Last night, while stuck in an airport (the inevitable delay), I decided to get a Wendy's milkshake. Not a particularly noteworthy decision - when traveling, I like to subsist entirely on fast food - but it occurred to me, while standing in line, that I wasn't actually hungry. At all. (I'd just finished a greasy combo meal.) So why was I lining up to pay $4 for ice cream? Over at Mind Matters, we're discussing a new paper that sheds some light on the issue. The problem turns out to involve the dopamine reward pathway (not so surprising), which responds not just to the delicious taste of a milkshake but to the caloric energy in the food. As a result, we still like to eat, even when the hypothalamus is sated:
Although the hypothalamus will direct intake based on the metabolic value of the food--when you're very hungry, you seek out food with lots of calories--it remains to be determined whether the dopamine reward system can also sense a food's energy content. In other words, does the dopamine system care about calories, or is it just concerned with taste and pleasure? Neuroscientist Ivan de Araujo and colleagues at Duke University, explored this question by using a line of mice genetically engineered to lack a functional receptor essential for detecting the taste of sweetness. In these mice, any change in reward behavior cannot be due to food palatability or the sensation of sweetness. If these mice prefer sweetness, thus, it is because sweeter foods have more calories, implying that there is something inherently rewarding about the consumption of calories.In the first set of behavioral experiments, the authors showed that the genetically altered mice were completely insensitive to the "sweet" rewarding properties of sucrose (table sugar) and showed no preference for sucrose compared with water. In contrast, control mice without the genetic mutation strongly preferred the sucrose solution.

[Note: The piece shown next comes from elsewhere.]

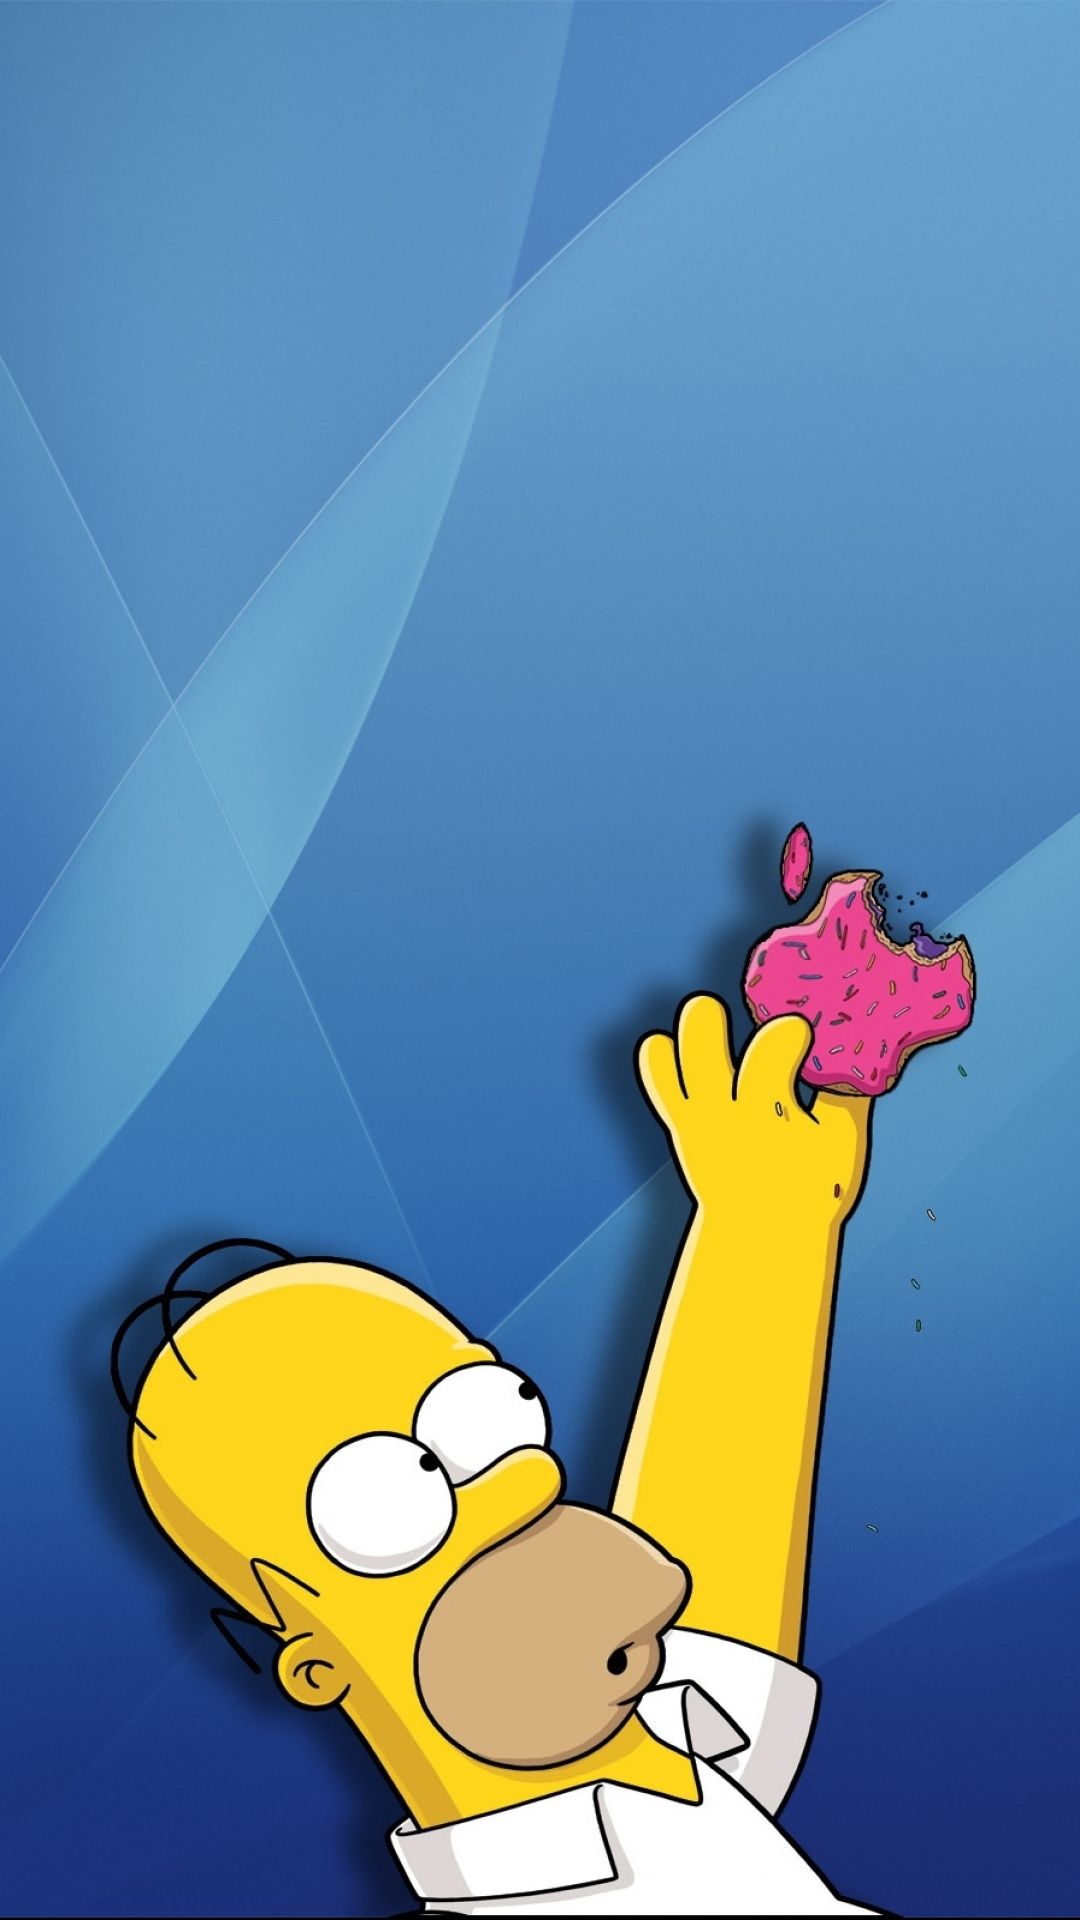 The Simpsons Wallpapers Descargar en alta resolución y calidad | Гараж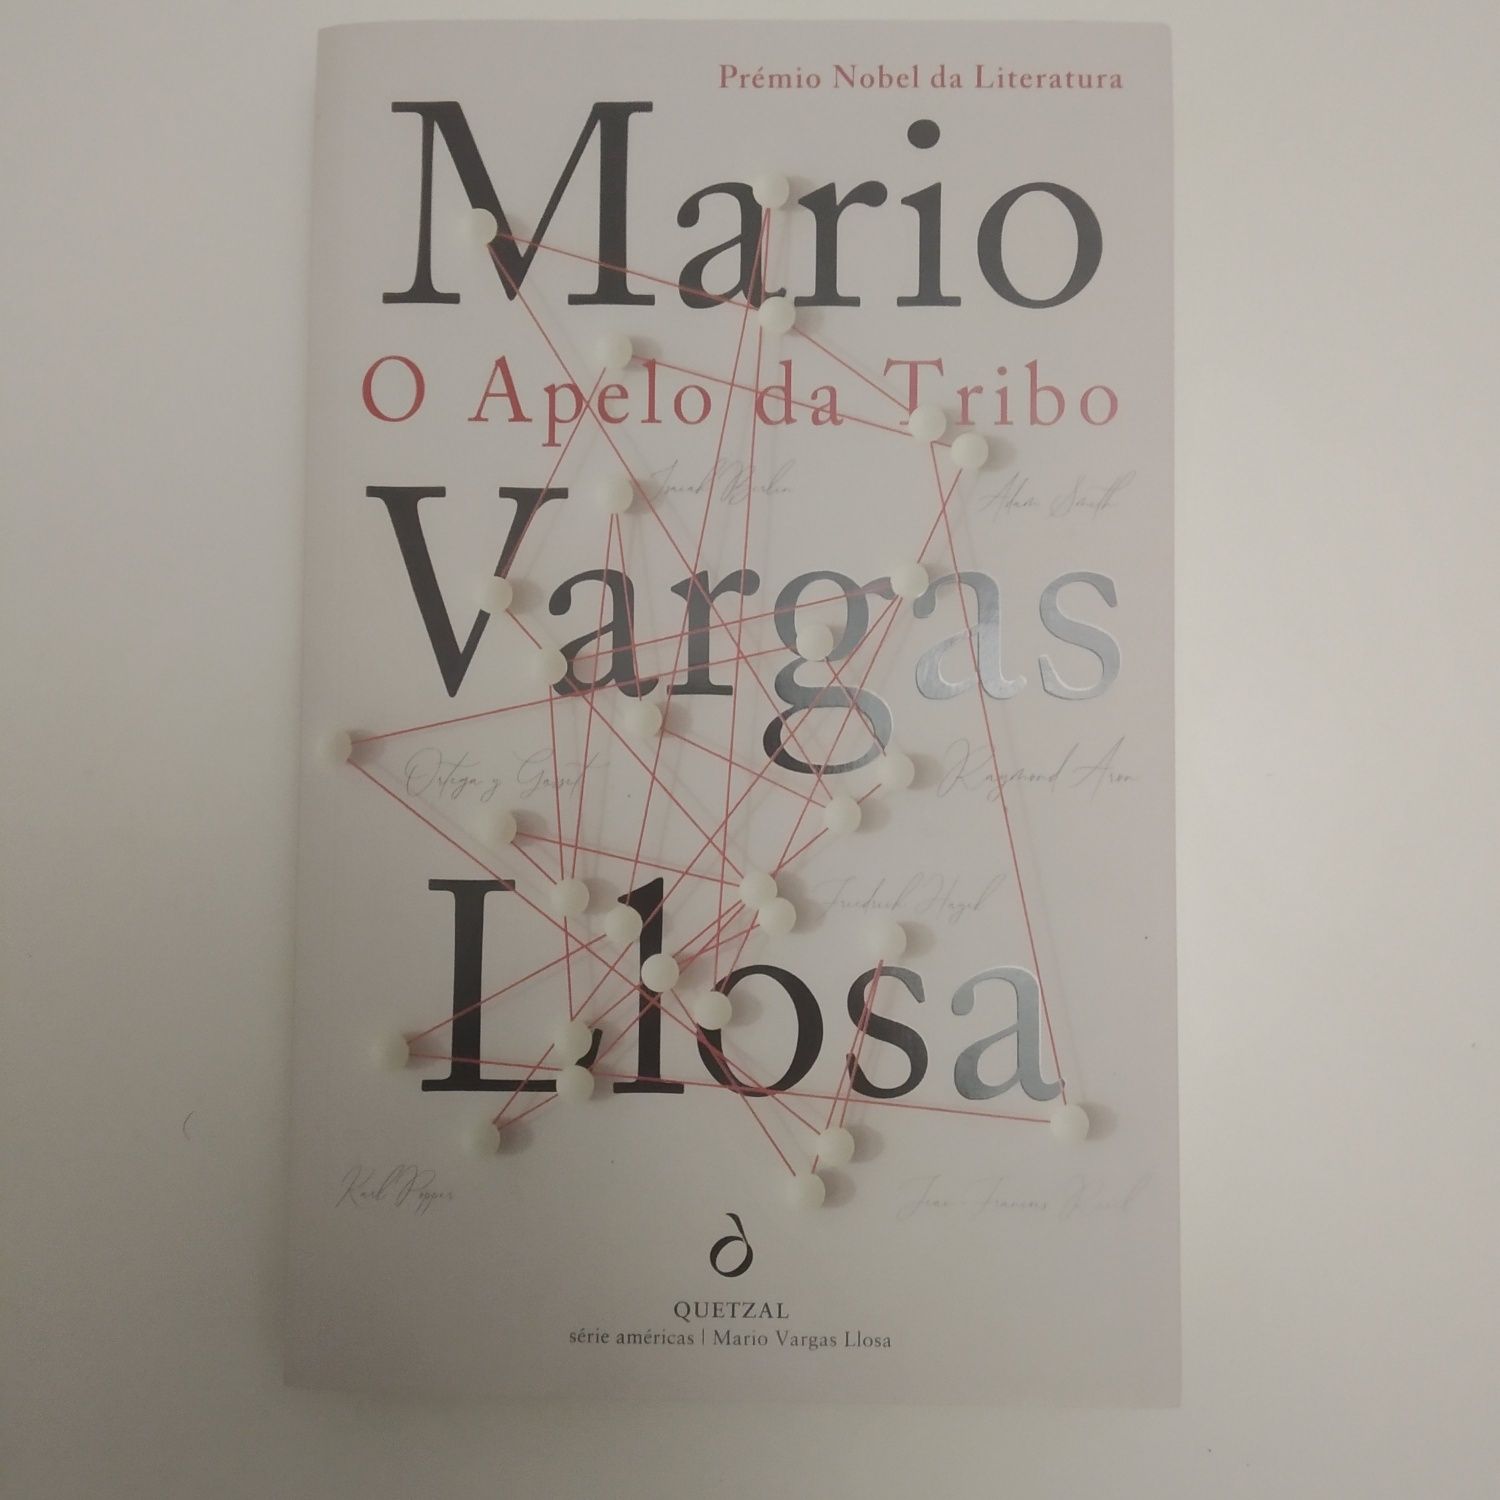 O Apelo da Tribo - Mario Vargas Llosa

The scientists then exposed the different strains of mice to a "conditioning protocol" in which the rodents received alternating access to water or sucrose for six days. During these conditioning sessions, the genetically altered mice were able to associate the sweet solutions with caloric load post-ingestion, as the sugar water has more calories than plain water. Interestingly, both strains of mice now consumed significantly more sucrose. Although the genetically altered mice couldn't taste the sweetness, they learned to prefer the sweeter water. This finding suggests that mice without functional sweet taste receptors were able to detect the reinforcing caloric properties of sucrose in the absence of sweet taste receptors. There seems to be something inherently pleasurable about ingesting food that contains calories.
As a critical control, the experiments were then repeated with sucralose (a.k.a. Splenda), an artificial sweetener that tastes sweet but contains no calories. Although normal mice consumed more sucralose than water during the conditioning period--they still preferred the sweet taste--the genetically altered mice did not.
Read the whole thing.






Comments (8)
Yo, dude. It's a milkshake at an airport. Unless you are angling for an Ig Nobel, you are putting way too much thought into it. Wendy's, Steak and Shake, and DQ all spend millions on advertising. None of their commercials mention dopamine reward pathways. There is a reason for that. It's a milkshake. At an airport!